GOAL OF THE EXERCISE: Exact transcription, pictures omitted: reproduce the listing below.

DATA SEGMENT:
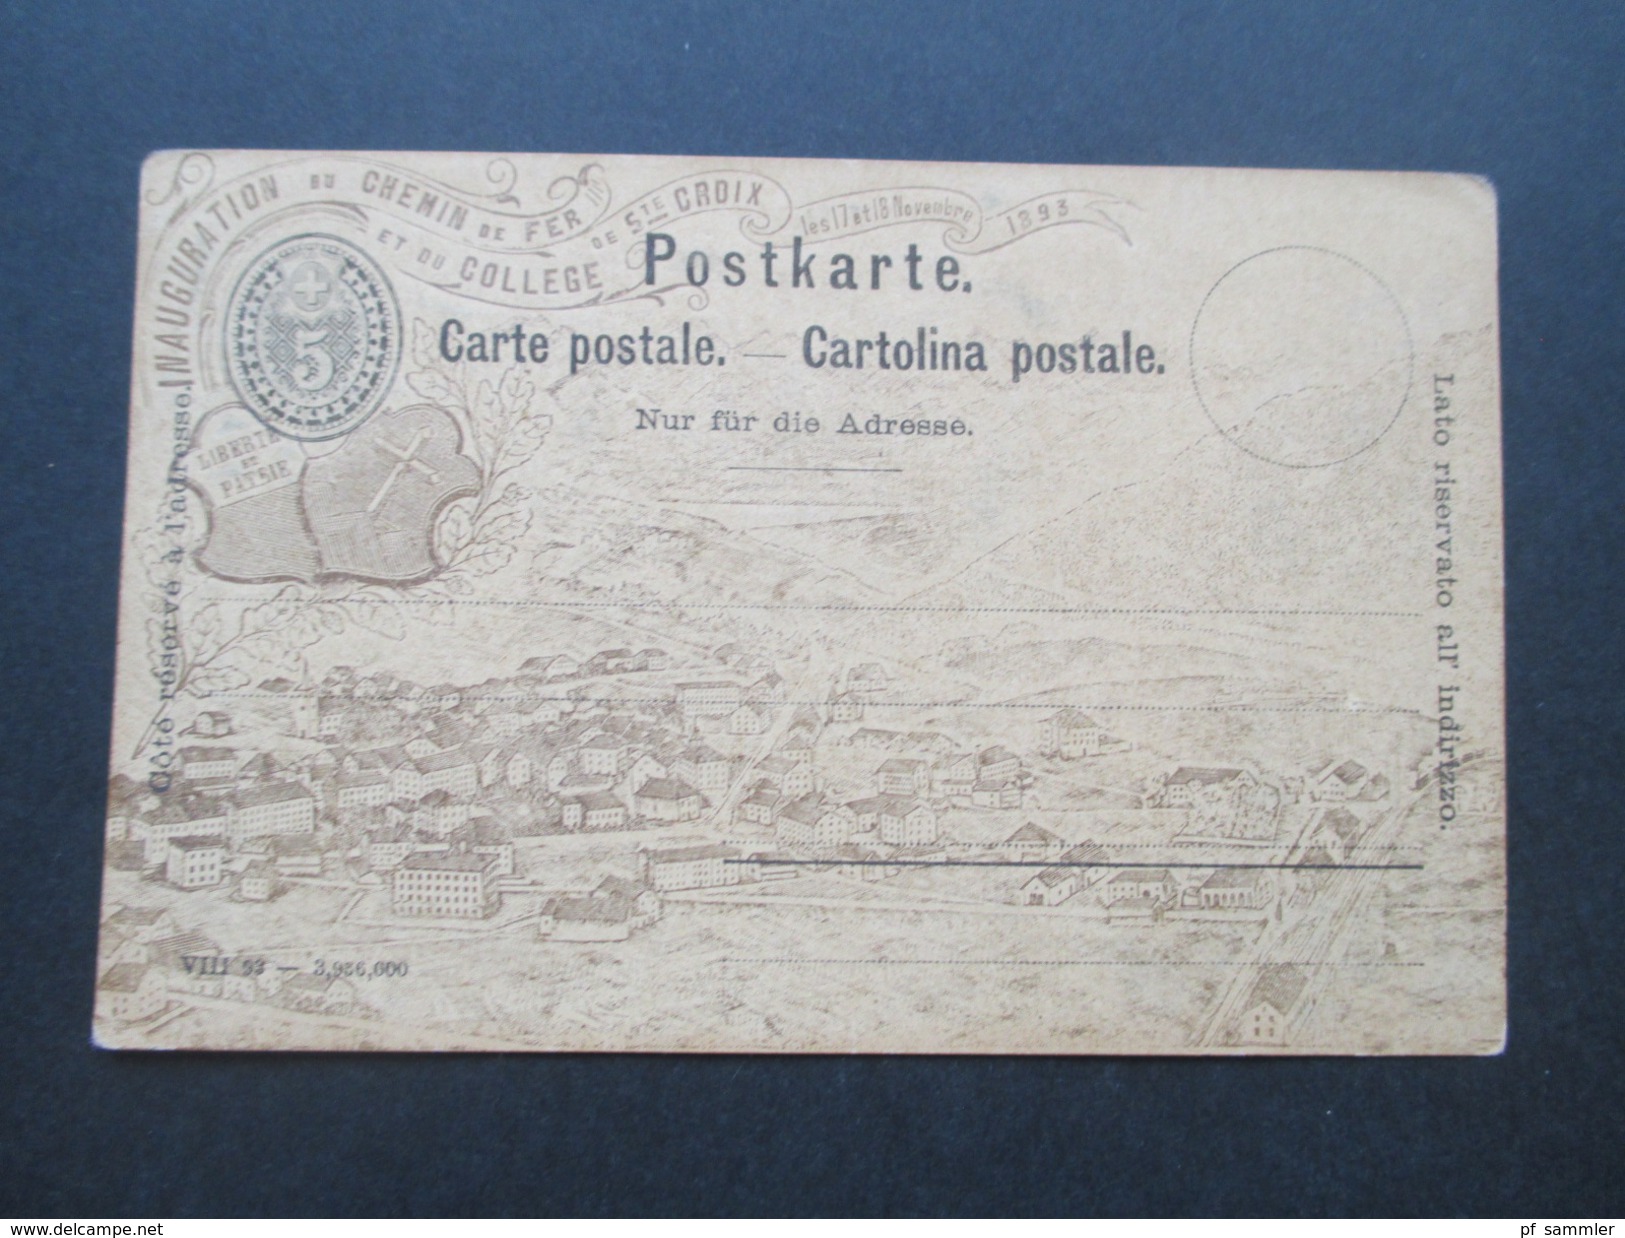 Schweiz 1893 Sonderkarte / Privatganzsachen?! Inauguration Chemin de Fer / Ste. Croix. 2 Karten. Liberte et Partrie
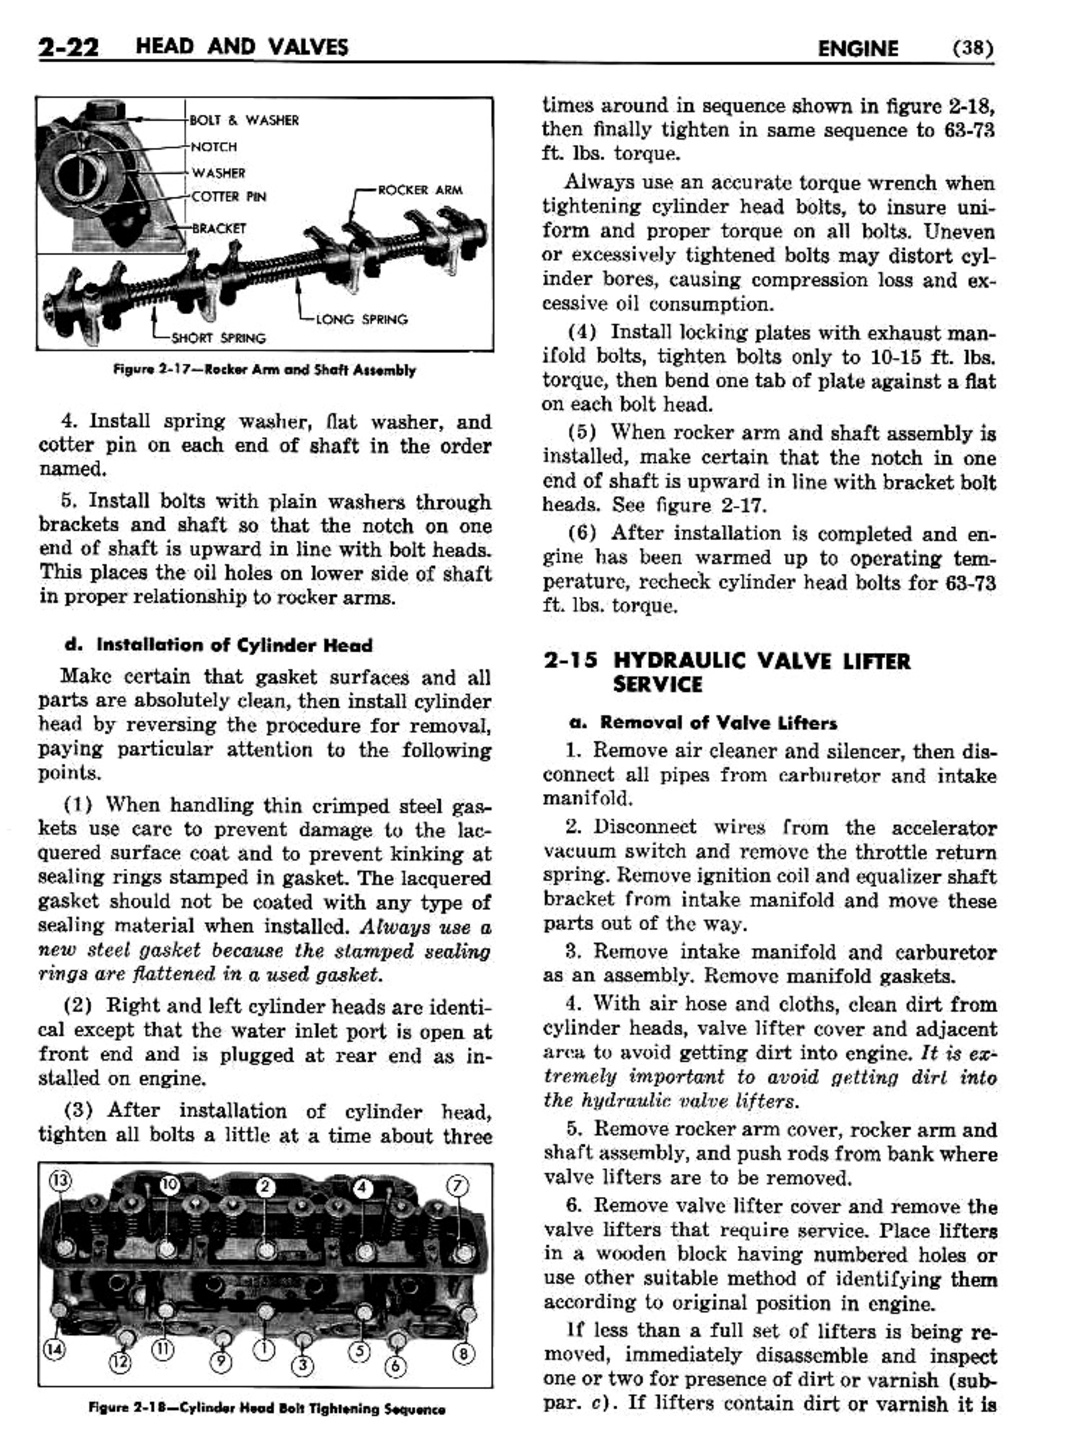 n_03 1956 Buick Shop Manual - Engine-022-022.jpg
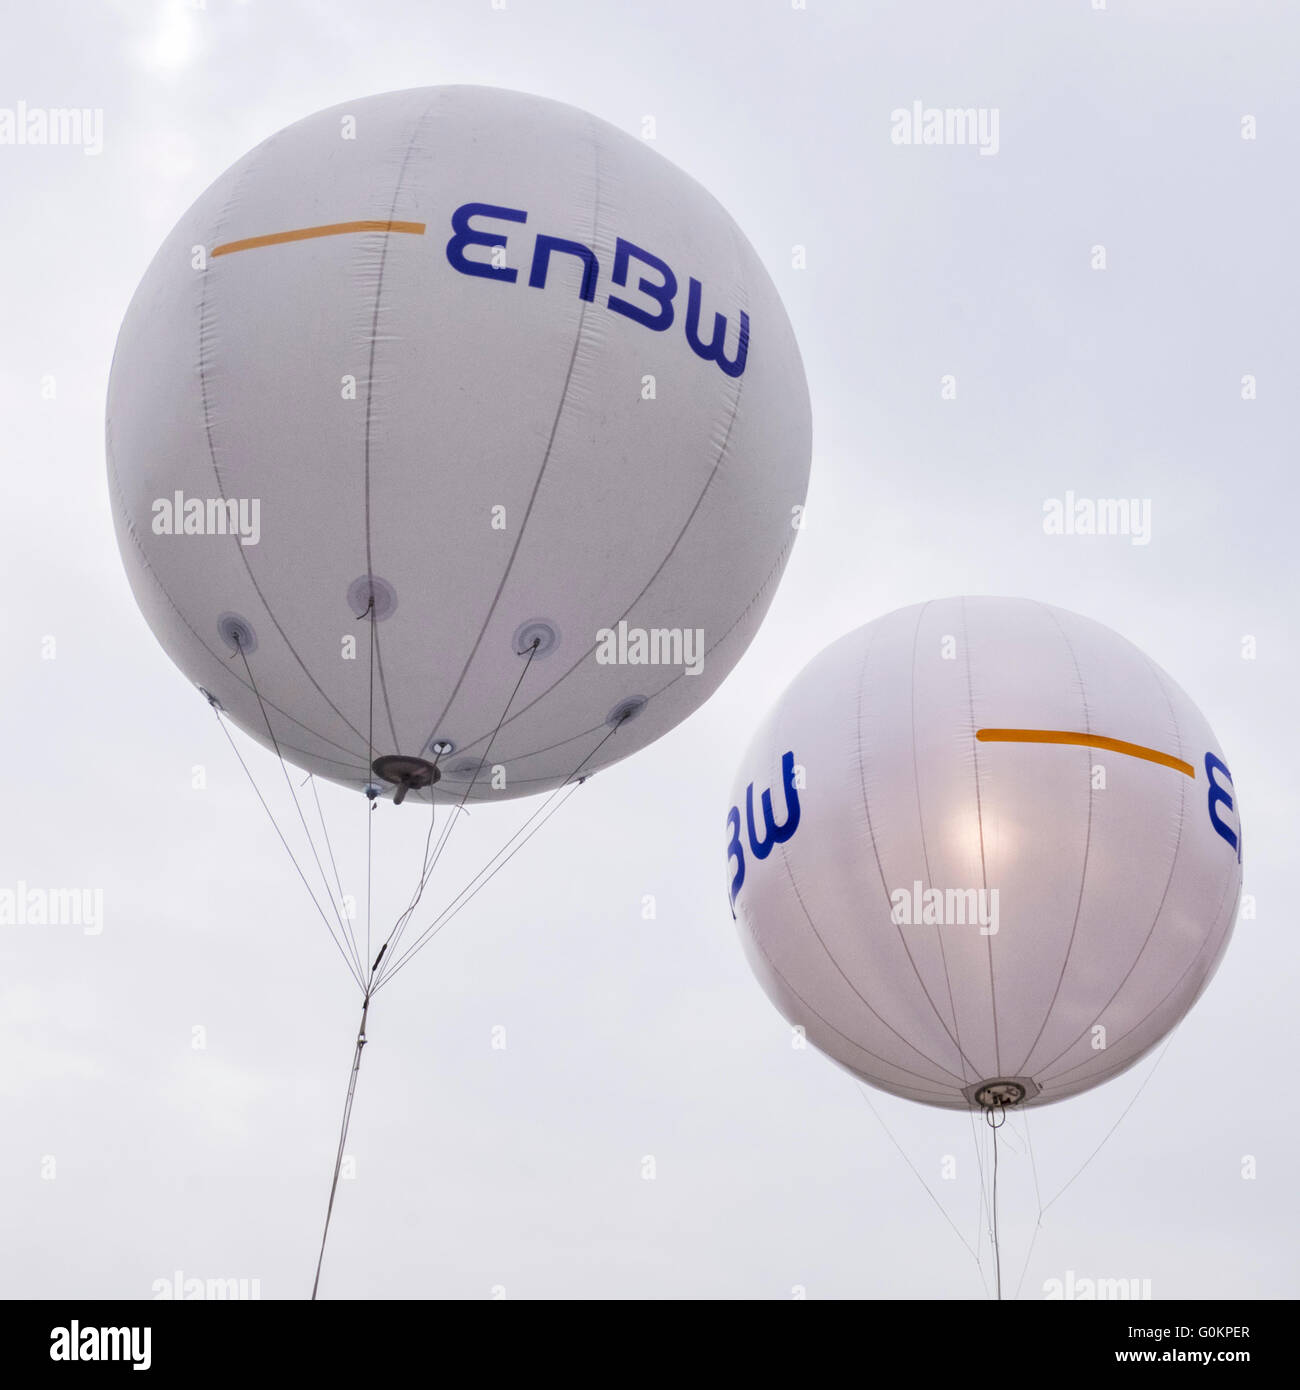 EnBW electricity company advertising balloons, Stuttgart, Germany Stock Photo

SOLVED EXERCISE:
 Schweiz 1893 Sonderkarte / Privatganzsachen?! Inauguration Chemin de Fer / Ste. Croix. 2 Karten. Liberte et Partrie
 n_03 1956 Buick Shop Manual - Engine-022-022.jpg
 EnBW electricity company advertising balloons, Stuttgart, Germany Stock Photo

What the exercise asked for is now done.